Ms Mahoney: If I could… if I could answer Justice Ginsburg’s question.
Withholding money for the Census of course will cause the harm.
Because the House will be un… unlawfully composed in 2… in 2002.
Justice Ginsburg: I’ll go with Justice Scalia’s, withhold money from whatever.
Yeah, laugh it up, Unidentified Justice, you aren’t the one who is going to have to go to the Speaker’s office to explain how the Court thinks he has 900 ways to stymie the White House if he just had enough “political will.”

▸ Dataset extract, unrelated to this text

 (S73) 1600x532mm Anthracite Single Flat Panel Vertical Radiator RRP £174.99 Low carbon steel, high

Well, fortunately, it turned out to be unnecessary for the Court to reach the standing question thanks to a companion suit brought by a private party who did have standing. Seven justices therefore found it unnecessary to reach the question of the House’s standing. Two justices, Stevens and Breyer, found that the House did have standing based on the threatened injury to its composition. See U.S. Dept. of Commerce v. U.S. House of Representatives, 525 U.S. 316, 364-65 (1998).
From the above data, I derive the following lessons (again, these are not conclusions about standing doctrine per se, but how federal judges, and Supreme Court justices in particular, will think about a lawsuit the House brings against the president):
- The courts don’t like to get in the middle of a battle between the other two branches if they can possibly avoid it
- They really don’t like it when they are brought political controversies which should have been settled using other remedies, such as impeachment or the power of the purse, which the Constitution explicitly provides
- They really, really don’t want to set any precedent that would encourage the political branches to start suing each other or would seem to open the door to such suits except in truly extraordinary circumstances. Cf. United States v. Windsor, 570 U.S. __ (2013) (“The integrity of the political process would be at risk if difficult constitutional issues were simply referred to the Court as a routine exercise.”)

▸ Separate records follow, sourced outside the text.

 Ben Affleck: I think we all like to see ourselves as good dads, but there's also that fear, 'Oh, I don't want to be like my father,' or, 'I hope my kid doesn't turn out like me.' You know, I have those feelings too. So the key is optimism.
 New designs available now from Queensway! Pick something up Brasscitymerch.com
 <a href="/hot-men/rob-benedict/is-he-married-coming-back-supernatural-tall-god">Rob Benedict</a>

- Above all, they don’t want to become political targets themselves
Now of course we have only limited information about the lawsuit that the House would consider filing against President Obama, but nothing about that information strikes me as promising with respect to establishing its standing. The gravamen of the Speaker’s memorandum is that Obama is not faithfully executing the law. This charge, while very serious, is about an injury to the body politic, not to some discrete interest of Congress or the House.

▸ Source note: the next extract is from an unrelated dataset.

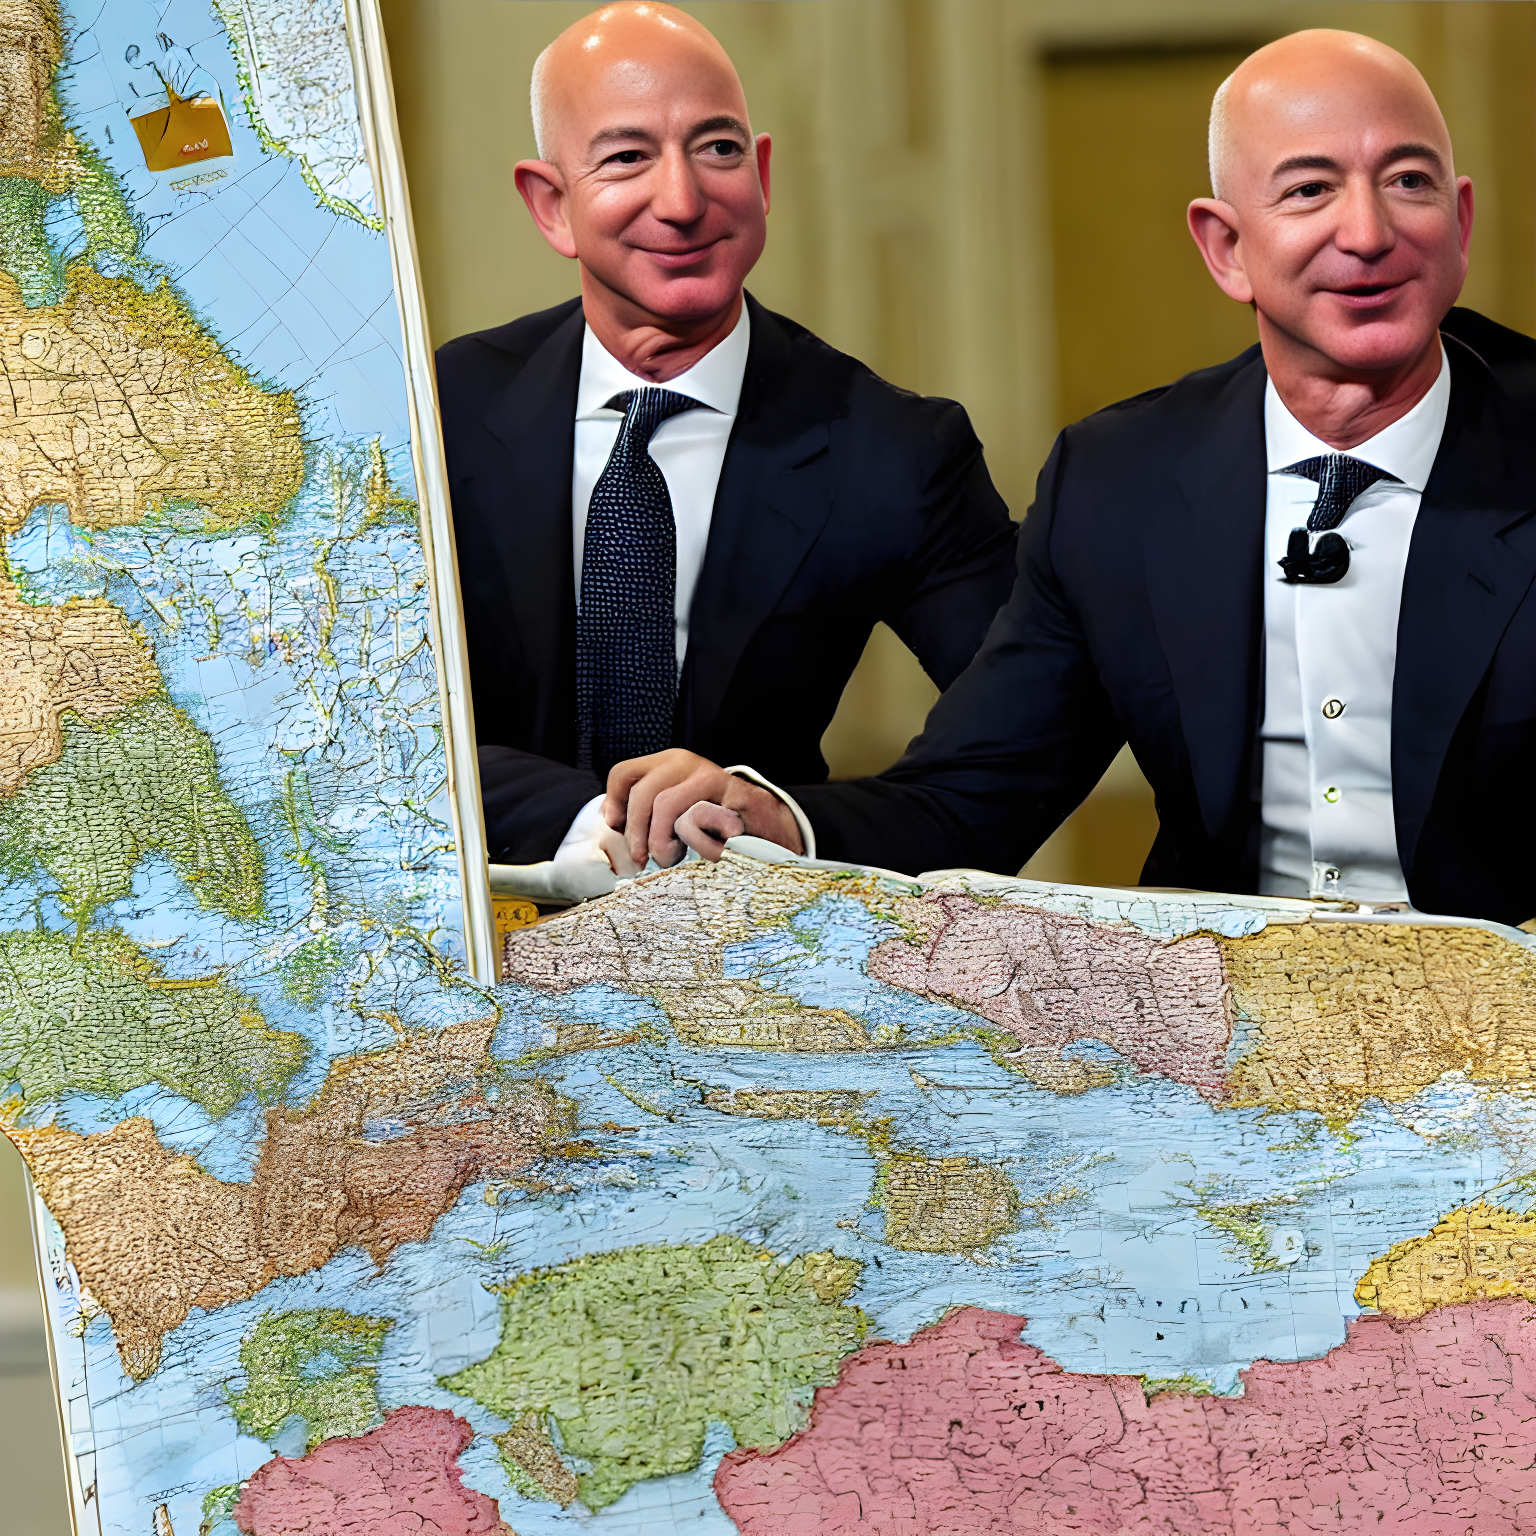 jeff bezos looking at the map of latin america and exclaiming about its potential
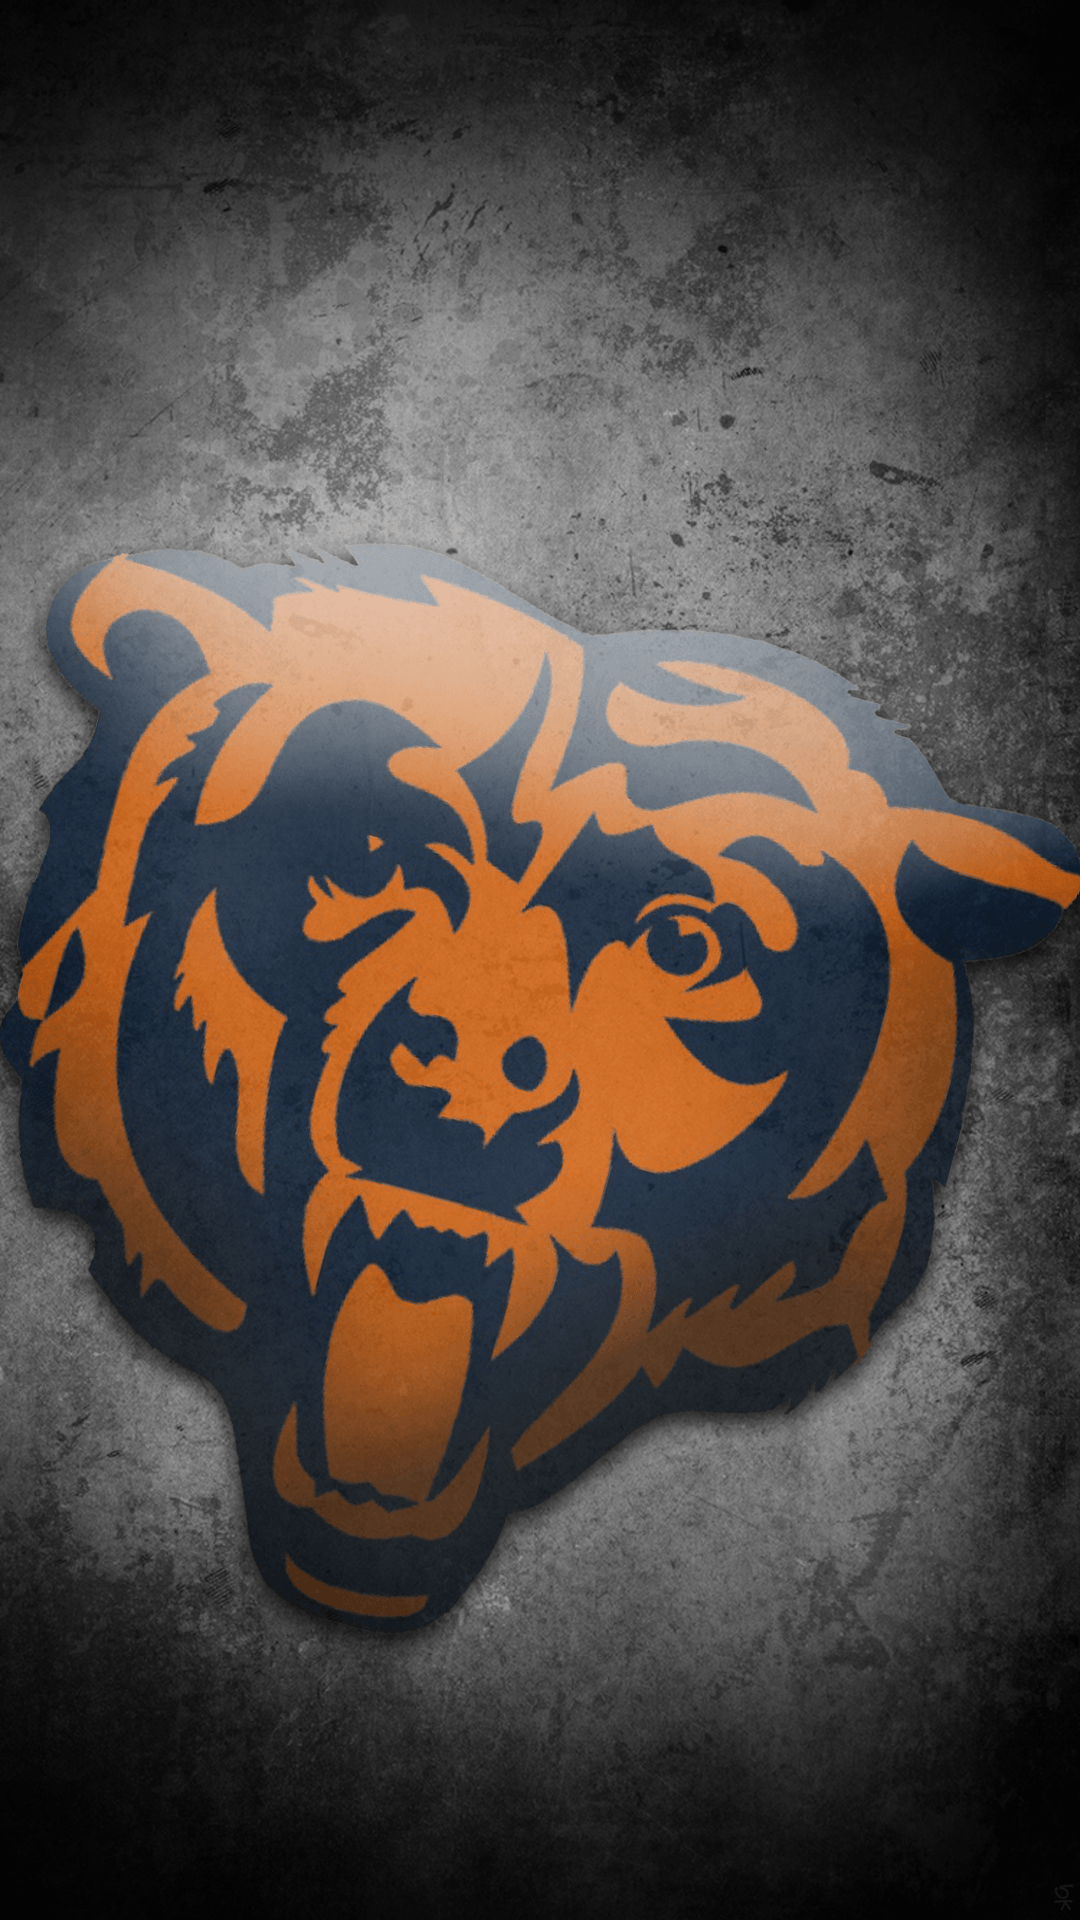 Chicago Bears Wallpapers 2017 - Wallpaper Cave

Similarly, the areas in which the Speaker says that violations have occurred (heath care, energy, foreign policy and education) hardly seem to point to some unique or particular congressional interest. The breadth of these areas refutes any suggestion that they represent the kind of “extremely rare case” where Congress’s injury is different from that of the general public. Indeed, they would appear to present a rather weaker case for congressional standing than Raines, which after all did involve a question of legislative procedure. See 521 U.S. at 831-32 (Souter, J., concurring) (noting that the congressional plaintiffs “are not simply claiming harm to their interest in having government abide by the Constitution”).
As for use of legislative remedies, the charges set forth in the Speaker’s memorandum sound very much like high crimes and misdemeanors, but has the House impeached any executive branch official, much less the president himself? Has it cut off funding for the agencies involved in the failure to execute the law? Or for the White House staff? Or for whatever, as Justice Ginsberg so helpfully suggested?
In short, to accept the House’s lawsuit would seem to require the courts to adopt a principle of “general legislative standing,” or at least something far closer to that principle than any sitting justice seems likely to endorse. I could go on, but you get the idea, if you haven’t stopped reading long ago.